After generating region proposals, these proposals are typically ranked or scored based on their likelihood of containing objects. High-scoring proposals are then passed to the subsequent object classification and localization steps of the object detection pipeline.

영역 제안을 생성한 후, 이러한 제안은 일반적으로 객체 포함 가능성에 따라 순위 또는 점수를 매깁니다. 높은 점수를 받은 제안은 후속 객체 분류 및 위치 파악 단계로 전달됩니다.

In summary, "Region Proposal" refers to the process of generating potential bounding boxes or regions in an image that are likely to contain objects. This process helps reduce the search space for object detection tasks and improves the efficiency of object detection algorithms.

요약하면, "Region Proposal(영역 제안)"은 이미지 내에 있는 객체가 포함될 가능성이 높은 경계 상자나 영역을 생성하는 과정을 의미합니다. 이 과정을 통해 객체 검출 작업의 검색 공간이 축소되며, 객체 검출 알고리즘의 효율성이 향상됩니다.

14.8.2. Fast R-CNN

The main performance bottleneck of an R-CNN lies in the independent CNN forward propagation for each region proposal, without sharing computation. Since these regions usually have overlaps, independent feature extractions lead to much repeated computation. One of the major improvements of the fast R-CNN from the R-CNN is that the CNN forward propagation is only performed on the entire image (Girshick, 2015).
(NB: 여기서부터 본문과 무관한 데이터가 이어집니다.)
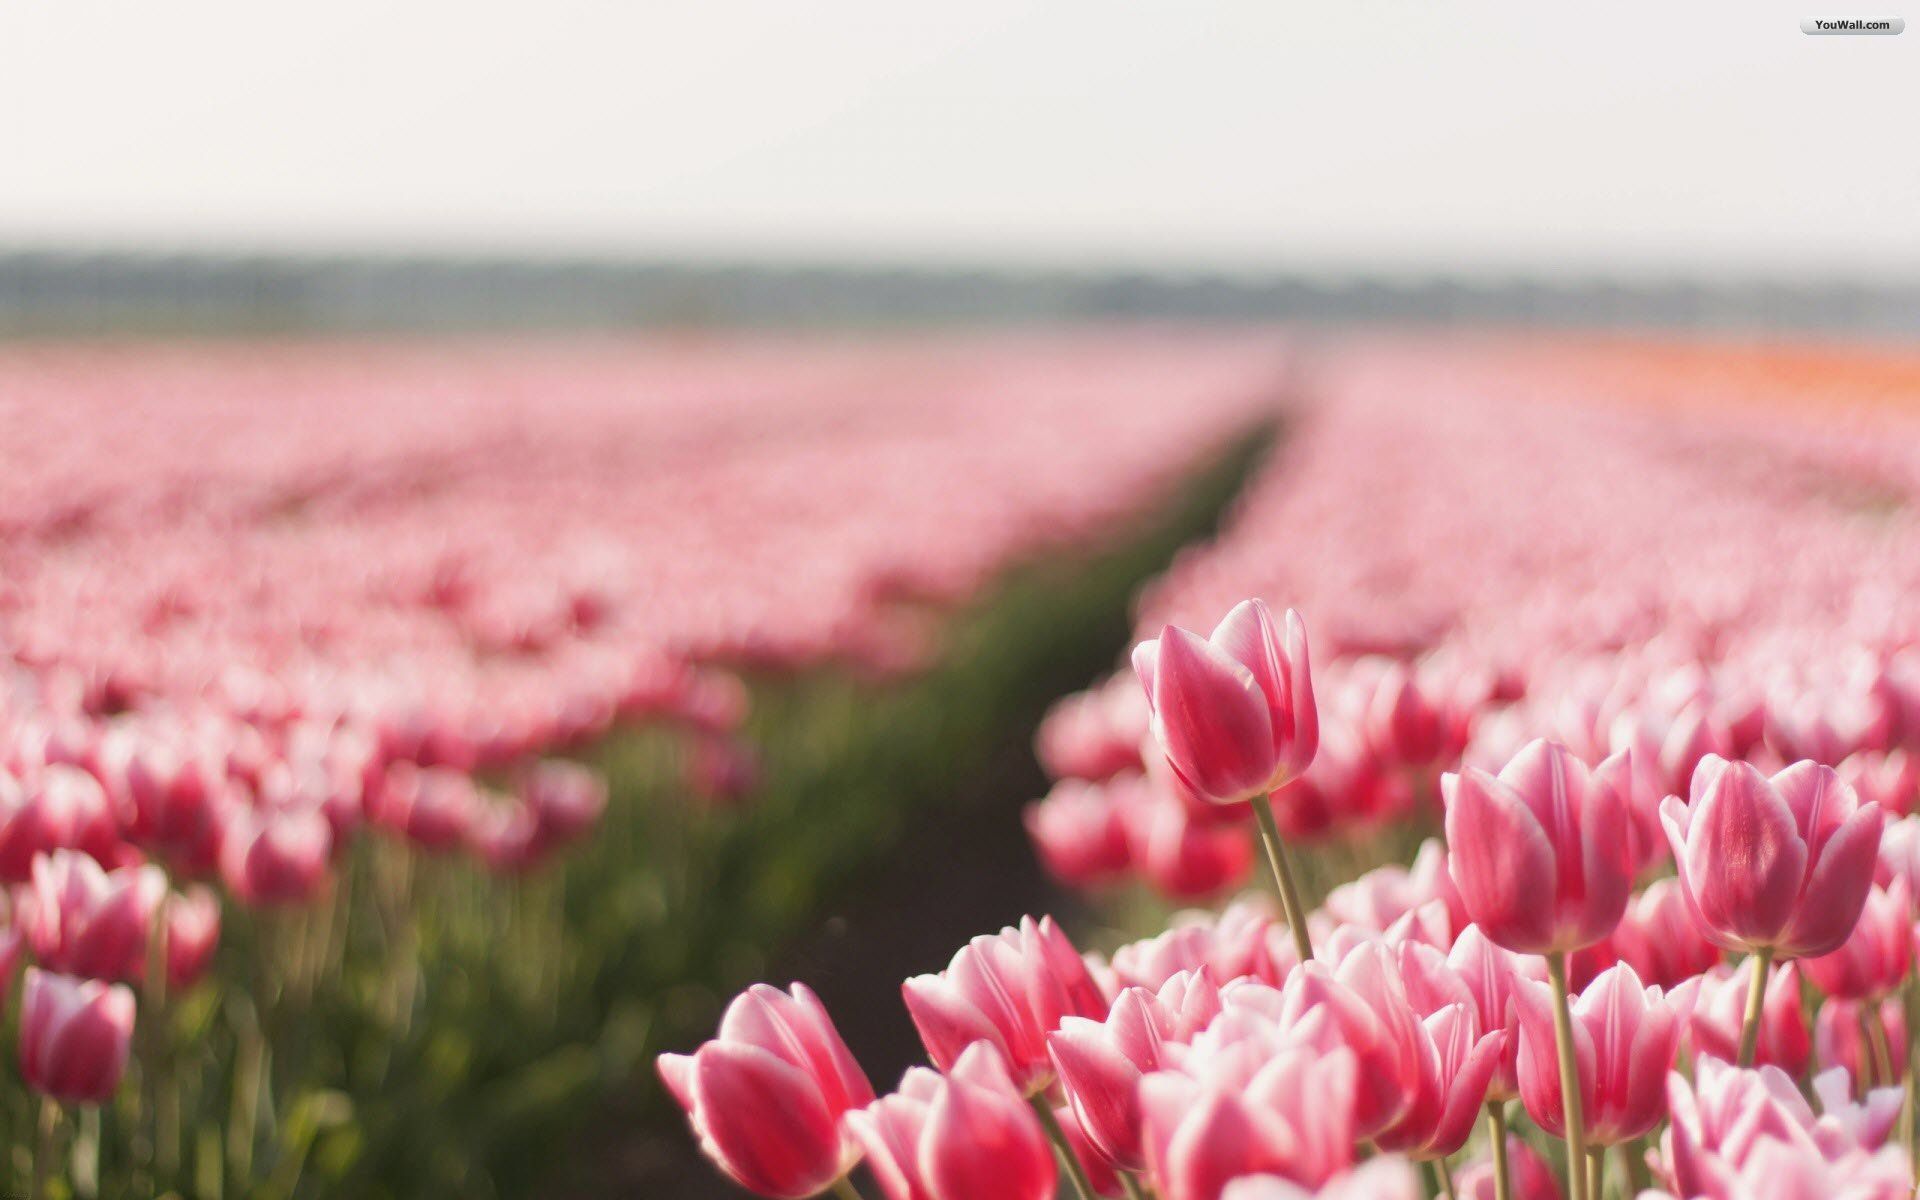 YouWall - Pink Tulips Field Wallpaper - wallpaper,wallpapers,free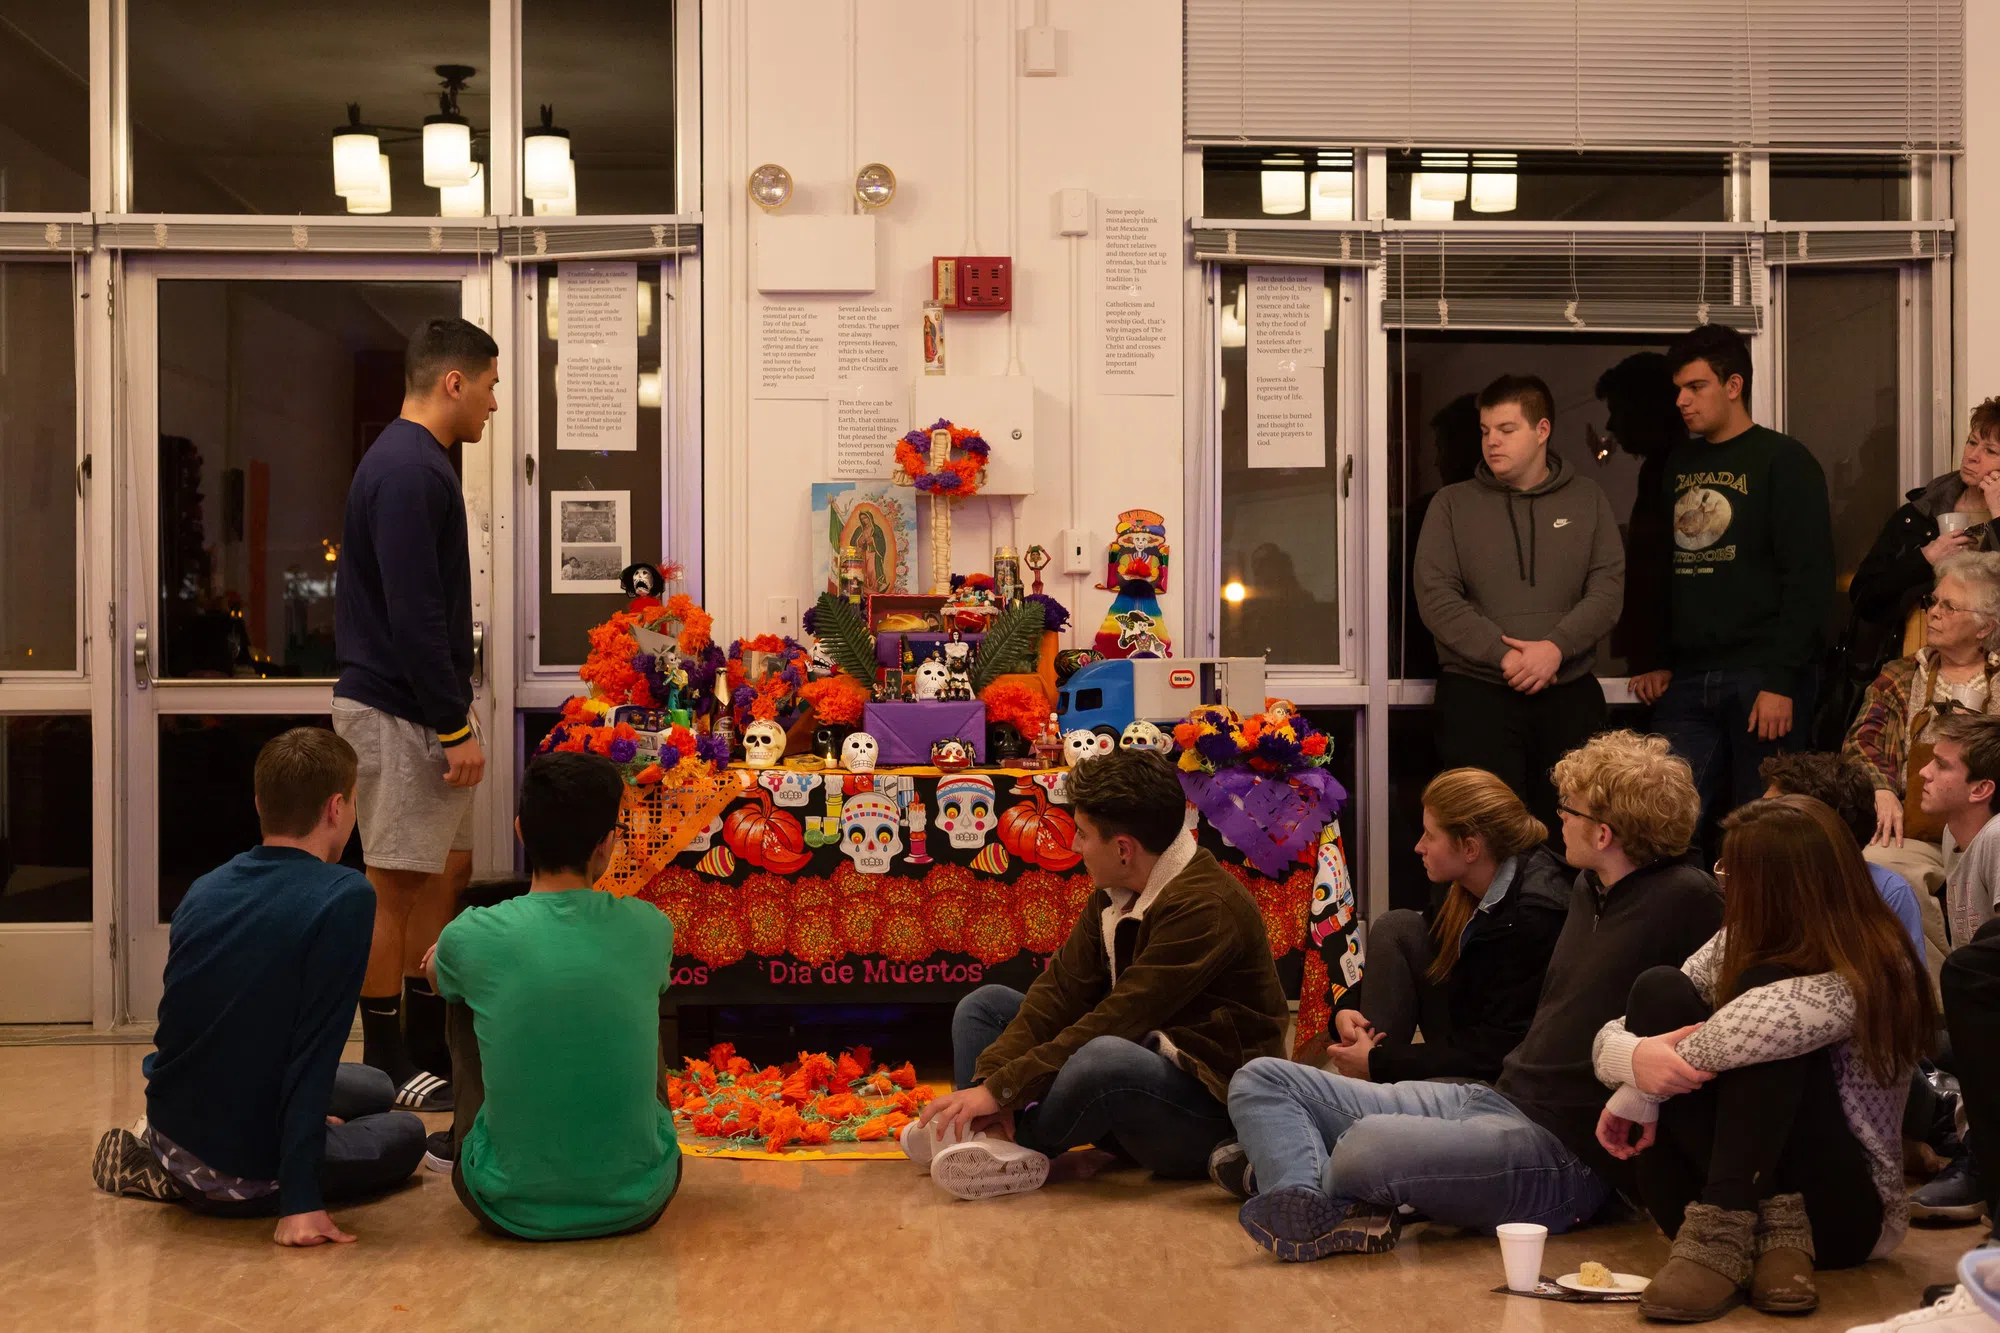 Students surround a commemorative altar for Dia de los Muertos

R-CNN의 주요 성능 병목 현상은 계산을 공유하지 않고 각 region proposal에 대한 독립적인 CNN 순방향 전파에 있습니다. 이러한 영역은 일반적으로 겹치기 때문에 독립적인 특징 추출은 많은 반복 계산으로 이어집니다. R-CNN에서 빠른 R-CNN의 주요 개선 사항 중 하나는 CNN 순방향 전파가 전체 이미지에서만 수행된다는 것입니다(Girshick, 2015).

Fig. 14.8.2 describes the fast R-CNN model. Its major computations are as follows:

그림 14.8.2는 빠른 R-CNN 모델을 설명합니다. 주요 계산은 다음과 같습니다.

Compared with the R-CNN, in the fast R-CNN the input of the CNN for feature extraction is the entire image, rather than individual region proposals. Moreover, this CNN is trainable. Given an input image, let the shape of the CNN output be 1×c×ℎ1×w1.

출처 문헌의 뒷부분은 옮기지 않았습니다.